Supplied data.
*****

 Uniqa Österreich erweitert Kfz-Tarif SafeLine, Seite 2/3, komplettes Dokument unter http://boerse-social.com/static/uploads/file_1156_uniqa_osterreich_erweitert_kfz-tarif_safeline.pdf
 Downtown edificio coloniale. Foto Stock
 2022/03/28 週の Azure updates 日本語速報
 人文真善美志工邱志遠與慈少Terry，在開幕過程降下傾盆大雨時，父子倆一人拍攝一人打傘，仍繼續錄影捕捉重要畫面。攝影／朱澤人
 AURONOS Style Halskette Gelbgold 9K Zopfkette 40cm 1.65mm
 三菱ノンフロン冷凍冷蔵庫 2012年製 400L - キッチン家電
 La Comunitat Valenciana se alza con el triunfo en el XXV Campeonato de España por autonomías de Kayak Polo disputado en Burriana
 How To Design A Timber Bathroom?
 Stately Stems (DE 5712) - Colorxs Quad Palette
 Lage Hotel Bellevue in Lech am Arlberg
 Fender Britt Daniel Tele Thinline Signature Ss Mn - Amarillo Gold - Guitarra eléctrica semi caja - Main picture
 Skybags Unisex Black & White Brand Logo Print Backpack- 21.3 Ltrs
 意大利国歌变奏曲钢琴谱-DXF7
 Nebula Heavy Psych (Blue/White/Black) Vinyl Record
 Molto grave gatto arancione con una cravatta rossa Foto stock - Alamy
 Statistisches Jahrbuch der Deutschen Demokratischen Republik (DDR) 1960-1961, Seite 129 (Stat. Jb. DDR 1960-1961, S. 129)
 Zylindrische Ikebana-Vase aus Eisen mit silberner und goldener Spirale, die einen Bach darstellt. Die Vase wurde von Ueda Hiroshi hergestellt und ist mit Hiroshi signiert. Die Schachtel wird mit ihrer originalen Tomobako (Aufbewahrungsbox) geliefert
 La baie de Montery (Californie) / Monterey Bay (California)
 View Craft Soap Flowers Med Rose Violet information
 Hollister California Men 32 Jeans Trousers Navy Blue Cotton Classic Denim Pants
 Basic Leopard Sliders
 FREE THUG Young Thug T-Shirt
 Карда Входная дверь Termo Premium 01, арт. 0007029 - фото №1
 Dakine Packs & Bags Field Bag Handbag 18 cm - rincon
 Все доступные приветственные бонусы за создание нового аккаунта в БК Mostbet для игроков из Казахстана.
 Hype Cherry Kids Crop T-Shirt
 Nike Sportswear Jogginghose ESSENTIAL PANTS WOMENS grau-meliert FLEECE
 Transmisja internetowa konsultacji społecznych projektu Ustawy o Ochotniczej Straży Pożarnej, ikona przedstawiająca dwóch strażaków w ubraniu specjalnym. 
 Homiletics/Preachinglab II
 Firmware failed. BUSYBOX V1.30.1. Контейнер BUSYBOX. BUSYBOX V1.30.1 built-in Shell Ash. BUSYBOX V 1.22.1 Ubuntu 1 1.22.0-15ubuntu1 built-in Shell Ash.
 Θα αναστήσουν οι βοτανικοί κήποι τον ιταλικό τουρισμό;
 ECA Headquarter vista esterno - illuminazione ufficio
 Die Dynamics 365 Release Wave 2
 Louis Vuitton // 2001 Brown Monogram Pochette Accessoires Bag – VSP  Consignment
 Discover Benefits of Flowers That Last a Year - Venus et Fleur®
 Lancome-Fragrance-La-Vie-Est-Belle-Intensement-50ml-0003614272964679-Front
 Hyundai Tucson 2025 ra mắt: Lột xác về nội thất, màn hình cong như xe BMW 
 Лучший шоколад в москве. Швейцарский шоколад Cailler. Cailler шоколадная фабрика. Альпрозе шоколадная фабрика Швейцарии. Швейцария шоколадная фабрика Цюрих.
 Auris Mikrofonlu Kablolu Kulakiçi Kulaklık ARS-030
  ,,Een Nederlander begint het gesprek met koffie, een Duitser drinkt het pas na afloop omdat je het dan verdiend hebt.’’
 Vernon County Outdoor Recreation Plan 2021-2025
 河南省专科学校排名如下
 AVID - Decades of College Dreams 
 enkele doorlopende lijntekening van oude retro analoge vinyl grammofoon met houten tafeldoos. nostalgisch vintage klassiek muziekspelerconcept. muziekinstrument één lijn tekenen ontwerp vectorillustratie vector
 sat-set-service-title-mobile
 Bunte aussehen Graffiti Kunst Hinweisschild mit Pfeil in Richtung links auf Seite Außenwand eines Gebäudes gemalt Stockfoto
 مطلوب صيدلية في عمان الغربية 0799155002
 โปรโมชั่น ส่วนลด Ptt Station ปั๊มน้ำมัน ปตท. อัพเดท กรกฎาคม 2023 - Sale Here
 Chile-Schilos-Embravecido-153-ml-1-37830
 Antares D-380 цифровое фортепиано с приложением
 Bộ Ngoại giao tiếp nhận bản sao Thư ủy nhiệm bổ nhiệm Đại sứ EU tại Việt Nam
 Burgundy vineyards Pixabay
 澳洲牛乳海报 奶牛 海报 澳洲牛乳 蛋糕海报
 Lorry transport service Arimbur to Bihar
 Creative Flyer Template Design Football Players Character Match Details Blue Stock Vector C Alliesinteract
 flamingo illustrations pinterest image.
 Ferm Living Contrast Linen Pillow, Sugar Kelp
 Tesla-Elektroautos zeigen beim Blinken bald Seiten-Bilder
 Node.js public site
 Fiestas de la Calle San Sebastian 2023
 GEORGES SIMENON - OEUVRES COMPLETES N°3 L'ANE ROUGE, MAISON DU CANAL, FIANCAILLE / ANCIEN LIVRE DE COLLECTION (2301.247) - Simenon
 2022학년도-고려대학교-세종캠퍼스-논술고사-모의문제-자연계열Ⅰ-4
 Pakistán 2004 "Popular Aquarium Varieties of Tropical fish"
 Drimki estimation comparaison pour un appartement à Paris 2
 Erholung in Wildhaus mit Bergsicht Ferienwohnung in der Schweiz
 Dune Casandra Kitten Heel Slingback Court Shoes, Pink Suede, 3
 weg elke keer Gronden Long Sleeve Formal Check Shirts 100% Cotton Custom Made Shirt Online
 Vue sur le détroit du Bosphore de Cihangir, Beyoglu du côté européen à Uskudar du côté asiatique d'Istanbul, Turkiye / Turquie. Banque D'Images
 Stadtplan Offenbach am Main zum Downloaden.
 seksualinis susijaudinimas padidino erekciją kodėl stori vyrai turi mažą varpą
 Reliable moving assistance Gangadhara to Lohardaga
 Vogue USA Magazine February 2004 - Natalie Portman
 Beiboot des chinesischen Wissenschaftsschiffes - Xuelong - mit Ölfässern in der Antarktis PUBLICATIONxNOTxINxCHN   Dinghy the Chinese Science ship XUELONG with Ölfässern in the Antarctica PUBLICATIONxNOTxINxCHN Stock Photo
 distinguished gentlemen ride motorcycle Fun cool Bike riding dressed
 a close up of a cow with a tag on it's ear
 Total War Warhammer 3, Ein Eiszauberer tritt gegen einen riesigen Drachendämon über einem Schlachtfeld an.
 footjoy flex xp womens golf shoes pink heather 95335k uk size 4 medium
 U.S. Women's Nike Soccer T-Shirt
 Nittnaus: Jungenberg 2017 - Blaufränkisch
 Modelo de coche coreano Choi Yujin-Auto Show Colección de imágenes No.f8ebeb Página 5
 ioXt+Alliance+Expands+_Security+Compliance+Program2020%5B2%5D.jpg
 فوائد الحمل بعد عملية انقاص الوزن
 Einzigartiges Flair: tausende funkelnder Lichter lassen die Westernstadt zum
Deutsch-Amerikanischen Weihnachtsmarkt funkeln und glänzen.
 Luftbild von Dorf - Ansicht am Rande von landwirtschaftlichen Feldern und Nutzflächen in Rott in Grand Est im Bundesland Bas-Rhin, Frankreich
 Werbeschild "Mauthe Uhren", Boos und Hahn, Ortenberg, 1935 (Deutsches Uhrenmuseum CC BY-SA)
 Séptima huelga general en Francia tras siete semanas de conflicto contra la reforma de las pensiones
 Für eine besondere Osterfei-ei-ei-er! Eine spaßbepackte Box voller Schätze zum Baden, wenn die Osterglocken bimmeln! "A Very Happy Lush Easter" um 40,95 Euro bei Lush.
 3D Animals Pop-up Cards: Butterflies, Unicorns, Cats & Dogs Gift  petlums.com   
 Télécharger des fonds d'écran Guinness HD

*****

Activity.
Across the records above, how many lines contain the word "Shirt"? Please give that number alone.

Solution.
4